Bach, I think it's great that you have been able to speak to tbw about anger.  I think you are brave.  I hope you don't mind my saying that. 
Hope  :)

Armee

That really is such a beautiful concept of composting with hair. Thank you for sharing that with us.

You're doing amazing work. It is very very difficult what you are doing and I admire you so much for it. I wasn't able to do it with my M. I was much too scared and unsure of myself to.

Bach

#626
I just sent my mother a letter telling her my thoughts about our last conversation.  I managed to write it this morning in one sitting, only left it alone for a few hours before making a couple of minor changes and hitting send without running it past anyone or posting it here to see how it felt in public, or even giving myself another cool-down-and-revisit before calling it ready to go.  Although I wouldn’t normally proceed with something like this without much more deliberation, I knew this was the right thing to do because this afternoon after I wrote it and went out to get my hyperbaric treatment, I kept thinking that I had sent it already, and feeling good about that, then remembering that I hadn’t and thinking that I really must.  Now, having sent it, I still feel good about it, no queasy feeling in the pit of my stomach, no second-guessing.  I guess I’m getting better at narcissist-wrangling.  I’m glad I got such good thorough training for that over the past 15 years by taking on pretty much all the responsibility for keeping my relationship with Other from imploding. 

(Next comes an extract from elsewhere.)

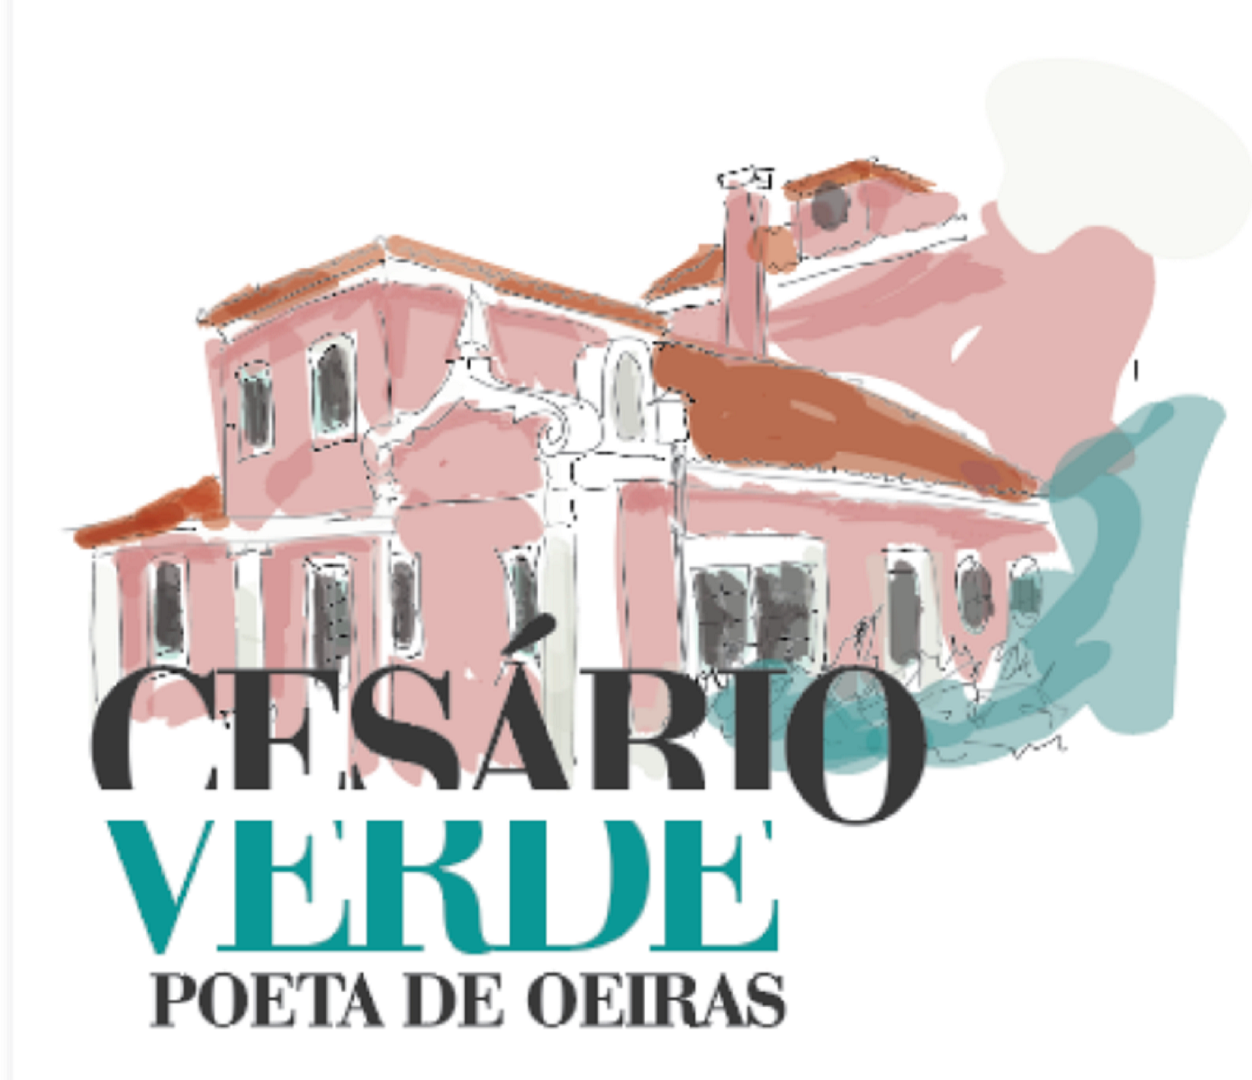 Cesário Verde, Poeta de Oeiras no programa Oeiras EDUCA+

I’m too exhausted and brain-fried to engage with anyone here today, but I love you all so much and appreciate you for being an inestimable resource for helping me get through this.   :umbrella:

BeeKeeper

Congrats on your risk taking and courage to send without a "final approval" from anyone. Yeah you! I like it. It definitely speaks to your new lifestyle of
Quotenarcissist-wrangling.

Bach

My mom still thinks it was all my fault.  Bach was talking to her about being angry and stuff and then my mom wrote a letter to her therapist telling her therapist all about how bad a kid Bach was except she wasn't talking about Bach, she was talking about me :pissed: and she was WRONG except that she wasn't wrong because I guess I did those things?  But she said it was my fault.  Anyway, my mom sent Bach the letter and I starting getting mad and scared and upset but then Bach wrote her a letter back telling her why I did or why it wasn't my fault or something, I don't know, but it was really good to have Bach say that it wasn't my fault and explain why and Bach was right!  But then Bach didn't send that letter and wrote a different letter that said they could talk about it another time because she said it would be better to be nice now and tell mom that stuff later.  I guess I trust her.  But I'm mad because it's so unfair.  So I drew a picture of my foot stomping on my mom.  That was fun but it made me feel weird and scared and I had to stop.  Bach said it's okay but I don't know.  I'm really tired now and I want to go to sleep.

Blueberry

Oh I'm so sorry that all these things are going on. It would all make me really mad too. Really really mad. And upset and scared. Good for you drawing a picture of your foot stomping on your mom! I agree with Bach, that it's OK.

If it's not too much for you or too difficult, then please know I'm supporting you. I hope you can feel a bit safer now and get lots of sleep.